Deep Learning Model Visualizes Congestive Heart Failure


A new Radiology study reveals the promise of generative learning — a form of unsupervised deep learning (DL) — in identifying features of congestive heart failure, allowing radiologists to better identify faults and biases.

In the study, Jarrel Seah, MBBS, Department of Radiology, Alfred Hospital, Melbourne, Australia, and colleagues evaluated the utility of generative learning to create Generative Visual Rationales (GVRs) as a tool for visualizing neural network learning of chest X-rays in congestive heart failure. The technique helps overcome an obstacle associated with DL, he said.

“One of the main problems with deep learning is the trade-off between accuracy and interpretability,” Dr. Seah said. “We know deep learning models are very accurate for a lot of things, but we really don’t know why they work. Generative visualization is a way of sidestepping that issue by retaining the accuracy of a deep learning model and enabling it to generate an explanation.”

Researchers used a blood test — the B-type natriuretic peptide (BNP) test — to train a DL model for the study. BNP, which is secreted by the heart in order to regulate fluid balance, helps the body compensate for congestive heart failure.

Therefore, measuring BNP levels is an objective way of diagnosing and monitoring that condition.

“Using BNP levels instead of radiology reports as labels enables the training of a deep learning model free of human bias,” Dr. Seah and his colleagues write.

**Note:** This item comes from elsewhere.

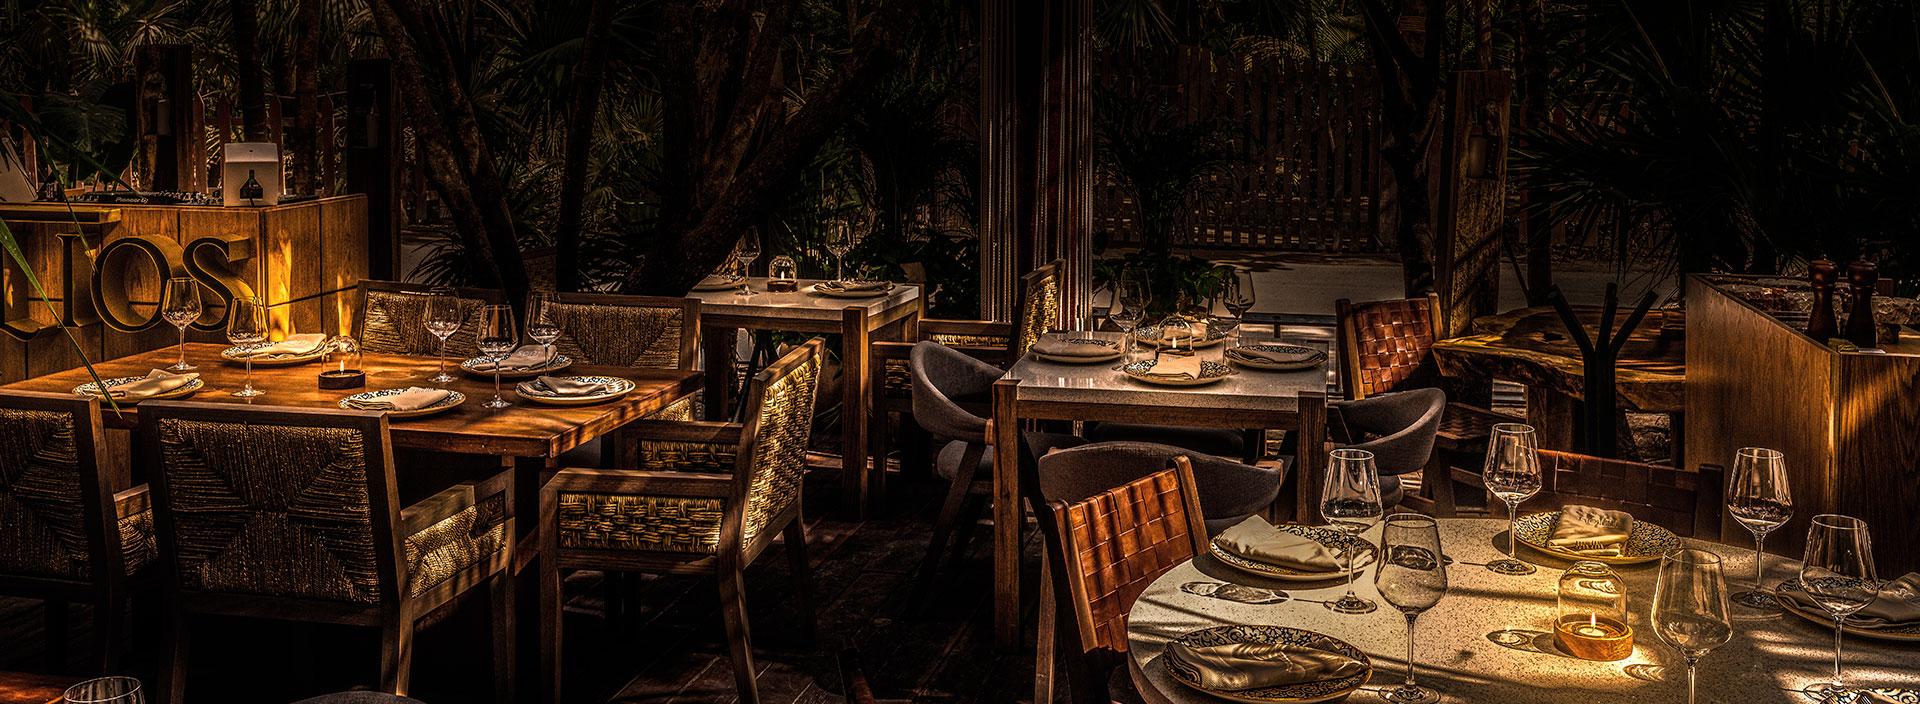 Greek Restaurant Tulum

“It allows the comparison of features that the neural network model has learned de novo with features of congestive heart failure that radiologists have traditionally identified.”

Analyzing a Decade of Data

The researchers used 103,489 chest X-rays from 46,712 patients over a 10-year period and divided them into two data sets: a labeled data set that included about 7,000 X-rays that were paired with a BNP result, and an unlabeled data set including approximately 96,000 X-rays that did not have a corresponding BNP result.

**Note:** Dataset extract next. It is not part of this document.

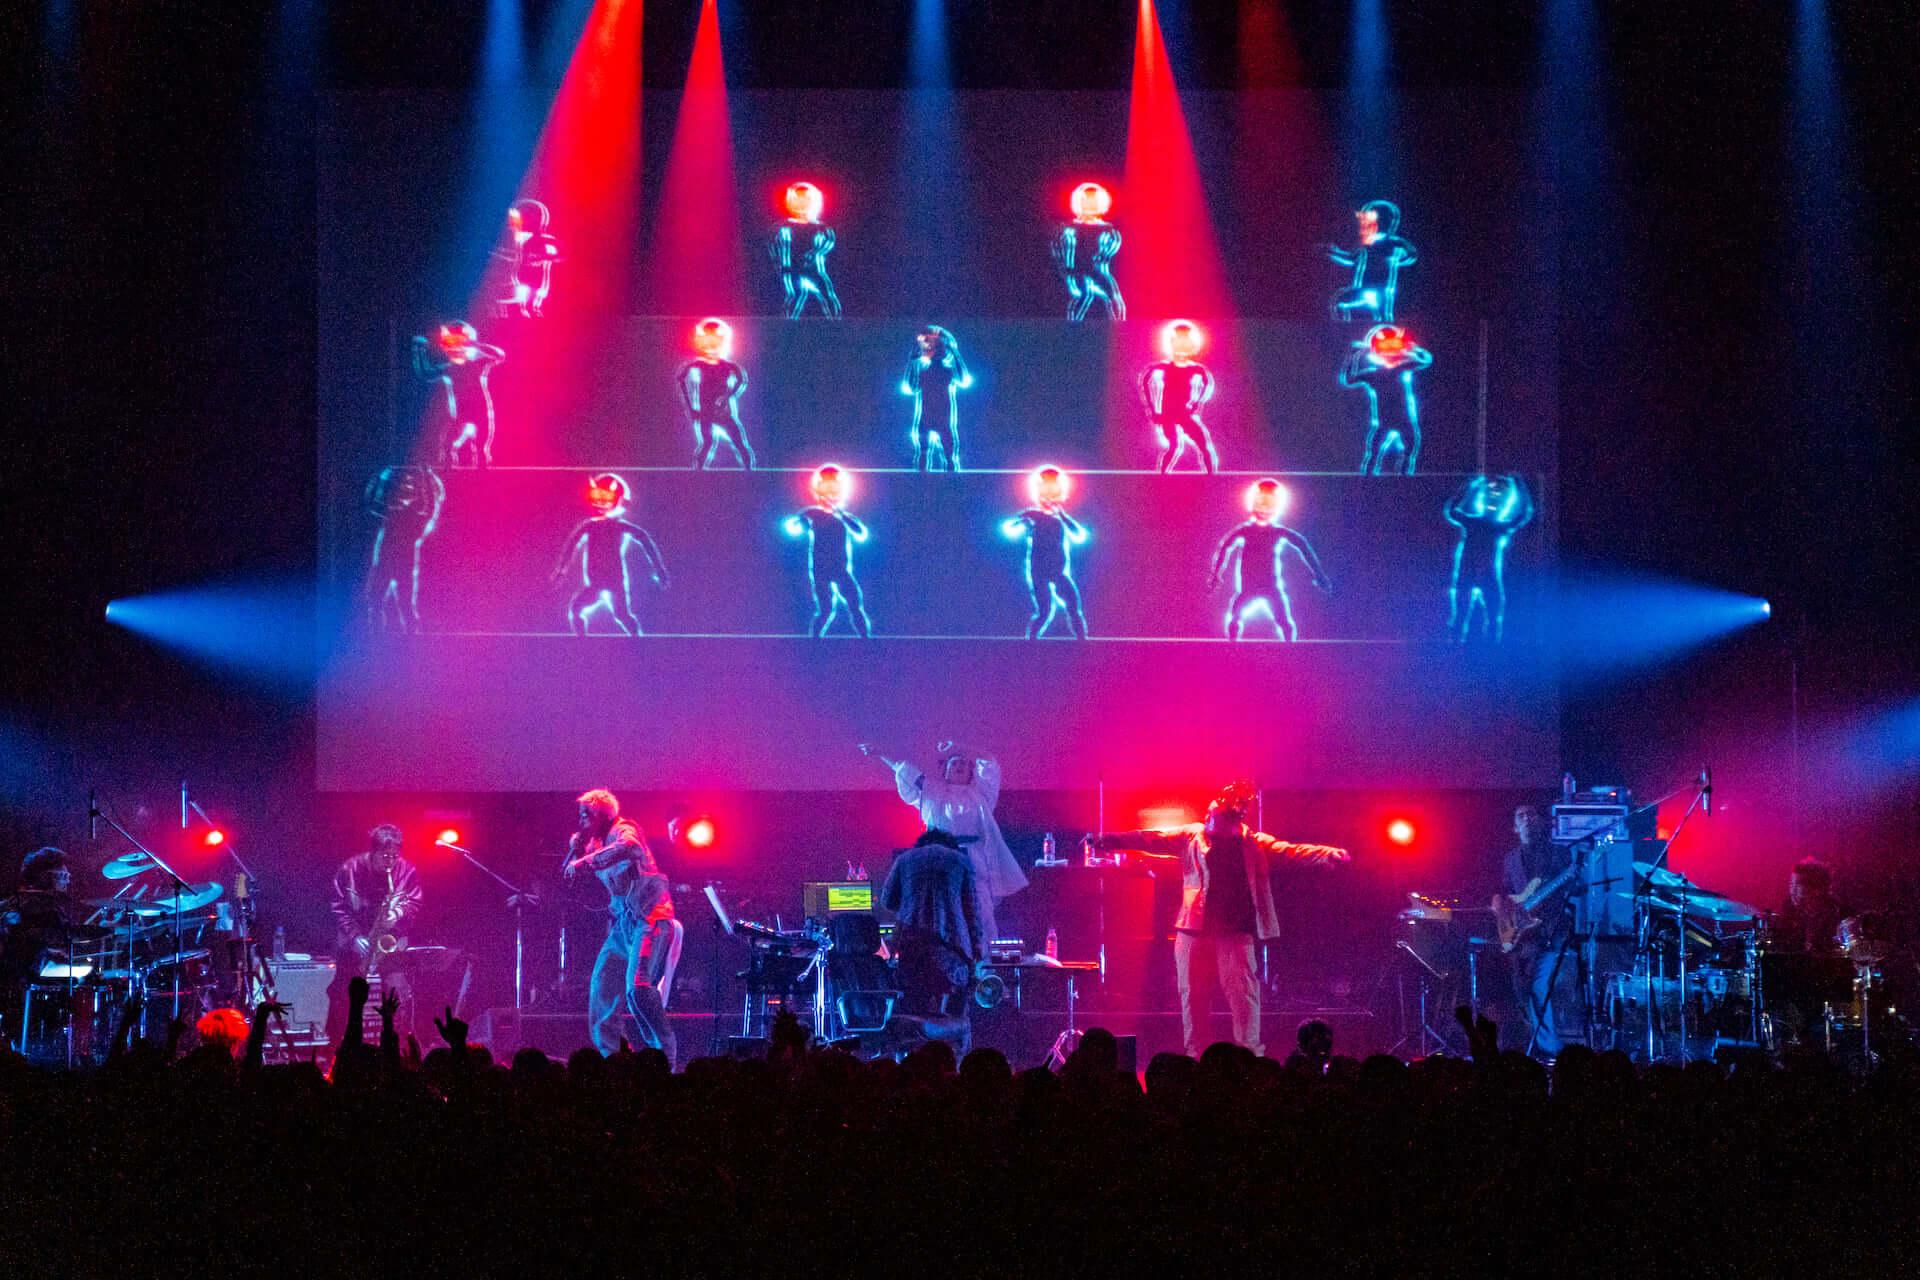 King Gnu常田大希率いるmillennium parade、Diorとのコラボで話題の新曲「lost and found」を配信スタート!MVも解禁 music191206_millenniumparade_1-1920x1280

Researchers trained a generative adversarial network on the unlabeled data set in order to create what Dr. Seah called realistic, yet synthetic, chest X-rays. A neural network was also trained on the encoded representations of the 7,000 X-rays that had been paired with the BNP results in order to estimate BNP and predict heart failure.

The encoded representations were then statistically manipulated so that it could be used to visualize how a radiograph with high BNP would look without disease.

“So, what makes this model think that this patient has high BNP?” Dr. Seah asked. “Given that it can already draw X-rays, we asked it to draw a version of this patient’s X-ray that does not have high BNP, while keeping other confounders the same. This way, we could actually do a direct comparison.”

The superimposition of the predicted change over the original X-rays results in what is called the generative visual rationale or GVR.

In order to evaluate the usefulness of GVRs, Dr. Seah and colleagues compared a correctly-trained BNP prediction model with a deliberately over-fitted model that had evaluated the test data during training and should have been highly accurate.

At a cutoff BNP of 100 ng/L as a marker of congestive heart failure, the correctly trained model was able to highlight potential heart failure features more than 80 percent of the time.

The correctly trained model highlighted X-ray features of congestive heart failure as reasons for elevated BNP prediction more frequently than the over-fitted model, such as cardiomegaly (75 percent vs. 32 percent, P < .001), and pleural effusions (23.5 percent vs. 8 percent, P = .003).

“But the model also did things we thought it should not do,” Dr. Seah said. “For example, it started adding soft tissue, and we were really baffled by that. It turns out there is a paradoxical association between obesity and BNP where, as patients get more obese, their BNP goes down.”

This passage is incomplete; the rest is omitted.